Valve fires up SteamOS, its bid for living room PC gaming

In a highly anticipated announcement, the creator of the Half Life series and Steam gaming portal details its strategy for dominating the living room with a Linux-based OS designed for televisions.

Screenshot by Nick Statt/CNET

Game developer and digital distributor Valve has already seen massive success with its Steam portal -- so much so that it is wrapping that software up in its own Linux-based operating system, called SteamOS and designed for televisions. The goal: dethrone the home console kings in favor of a PC ecosystem.

"As we've been working on bringing Steam to the living room, we've come to the conclusion that the environment best suited to delivering value to customers is an operating system built around Steam itself," Valve says on its official SteamOS page. "SteamOS combines the rock-solid architecture of Linux with a gaming experience built for the big screen. It will be available soon as a free stand-alone operating system for living room machines."

The move to make its software free and licensable by anyone is a pivotal move in the company's power grab for the living room, which started well over a year ago with rumors that Valve was designing its very own PC-console hybrid dubbed the Steam Box.

Those efforts hit a high note at CES in January when Valve mysteriously unveiled prototypes of such a machine and met with hardware partners.

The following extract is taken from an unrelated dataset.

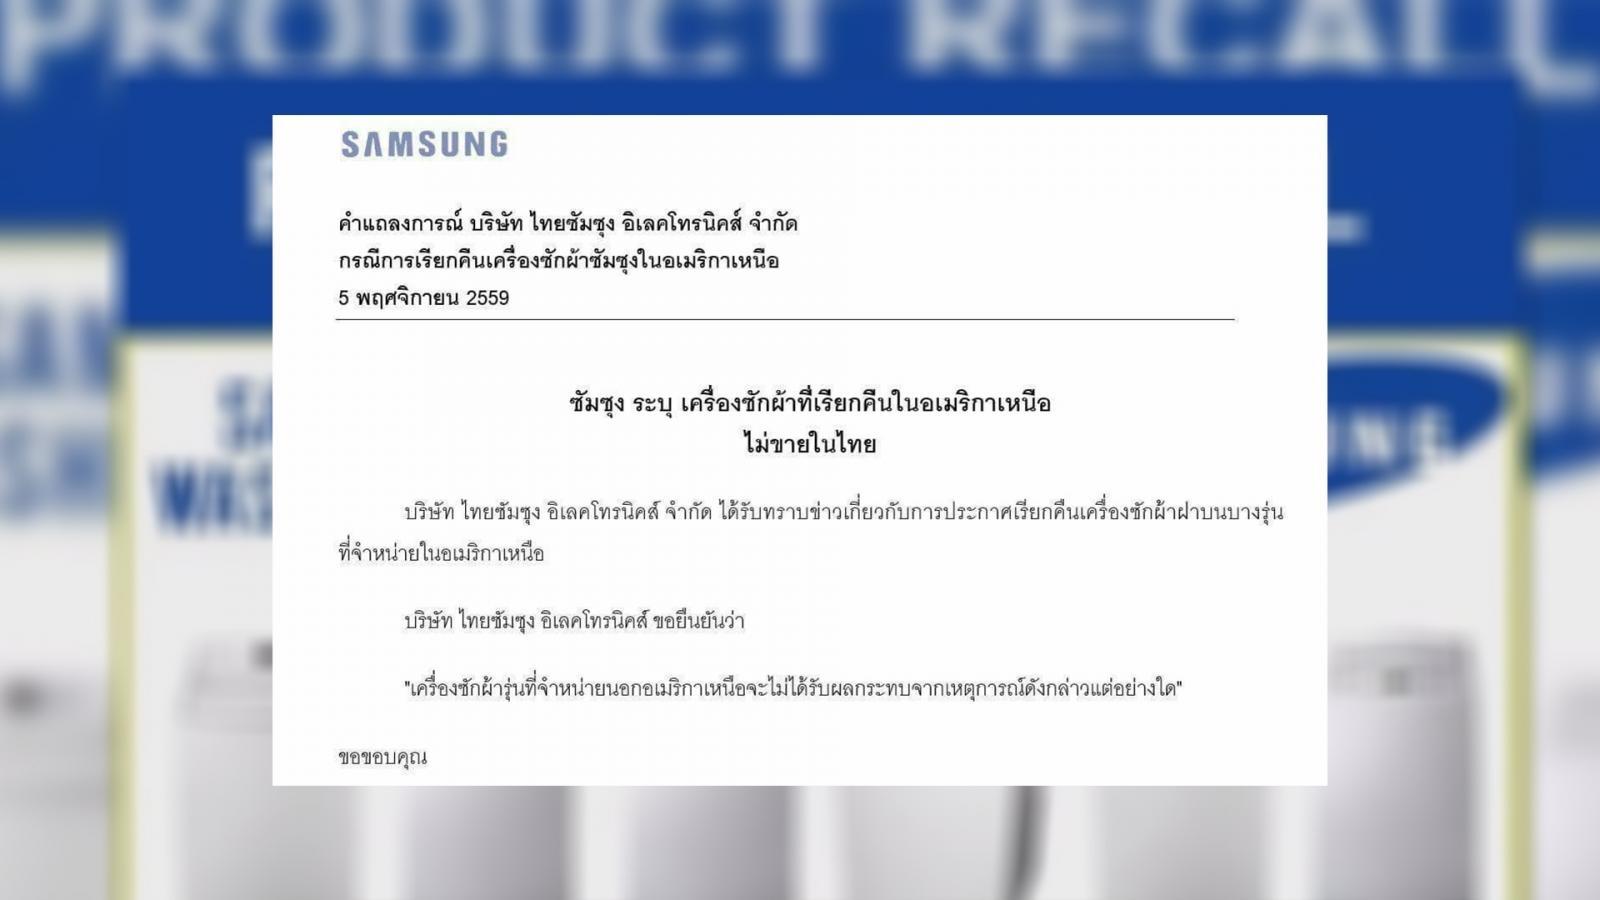 ซัมซุง ยัน เครื่องซักผ้าที่ถูกเรียกคืนในอเมริกาเหนือ ไม่มีขายในประเทศไทย
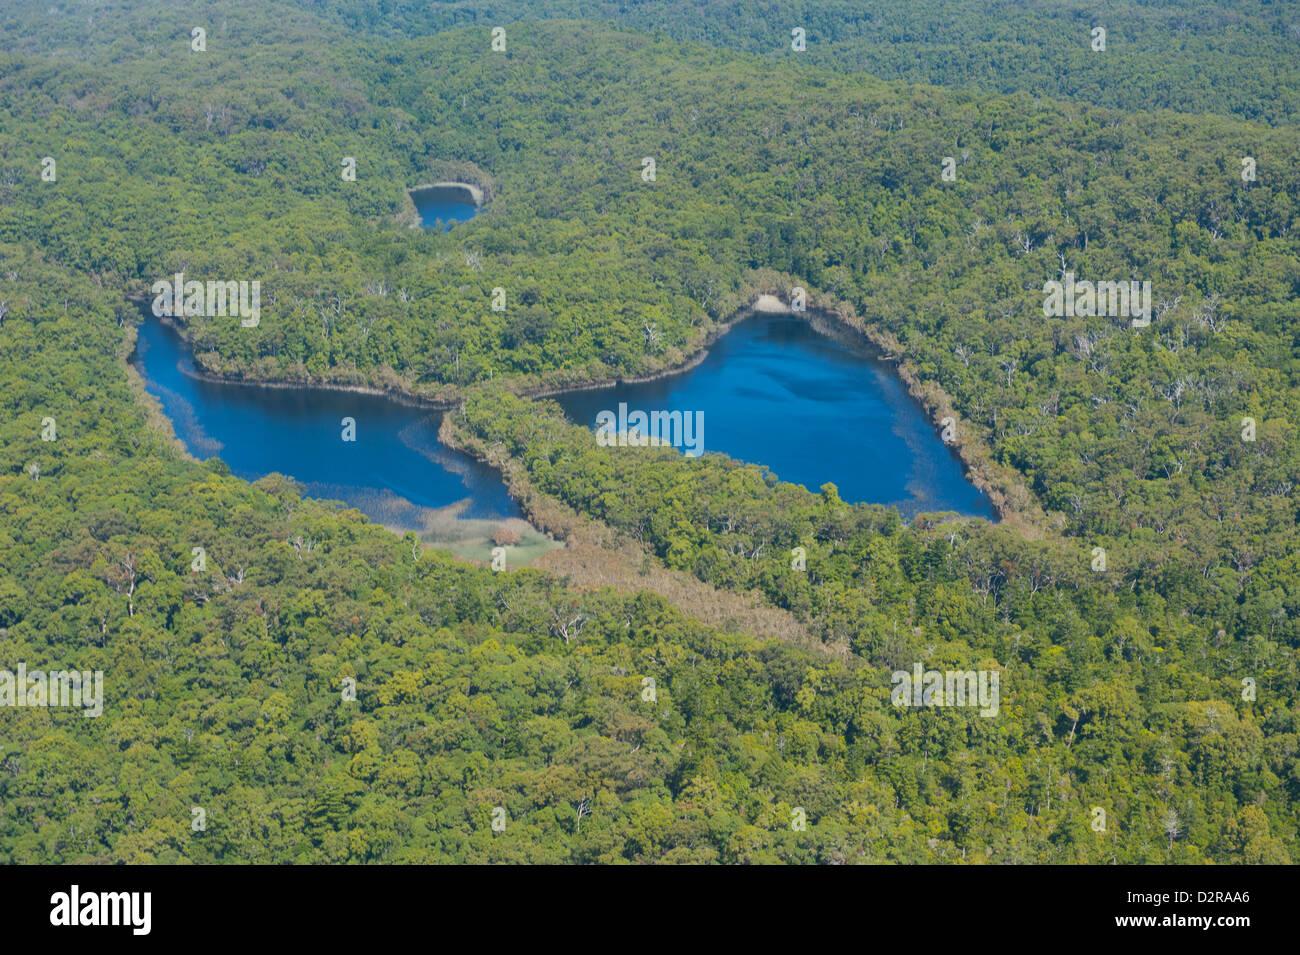 Antena de la mariposa de Lagos, la Isla Fraser, Sitio del Patrimonio Mundial de la UNESCO, Queensland, Australia, el Pacífico Foto de stock

Meanwhile, Valve founder and CEO Gabe Newell has been vocal about his plans to make the jump to the big screen and about the competition he sees in mobile gaming-focused companies like Apple .

Along the way, however, Newell handed down scores of layoffs, restructuring Valve for this moment. One such high-profile firing was Jeri Ellsworth, a designer of Steam Box-supported game controllers. Employees referred to these decisions as a "great cleansing."

So it would appear Valve decided to make software as important as the physical Steam Box machines it's been focused on -- if not more important. Valve announced in March that it was planning to ship Steam Box prototypes in three to four months, but it's unclear whether that strategy has changed.

As for the capabilities of SteamOS, the service will allow in-home streaming of a user's entire Steam library of Mac and Windows games. It will also include family sharing and family restriction features to fully accommodate living room gaming.

SteamOS will also come equipped to combat Microsoft's and Sony's well-developed media offerings that span cable box plugins, NFL deals and a multitude of streaming services. Valve's take will include music, movies, and television, though the company simply states it is "working with many of the media services you know and love" and has not provided details as to how any media sharing or streaming will operate.

"SteamOS will be available soon as a free download for users and as a freely licensable operating system for manufacturers," Valve said. We can expect more details from the company in the coming days as it has two more announcements slated for this week.

The next announcement has a countdown set for Wednesday, Sept. 25 at 10 a.m. PT, whereupon the company may unveil its own Steam Box hardware to debut SteamOS.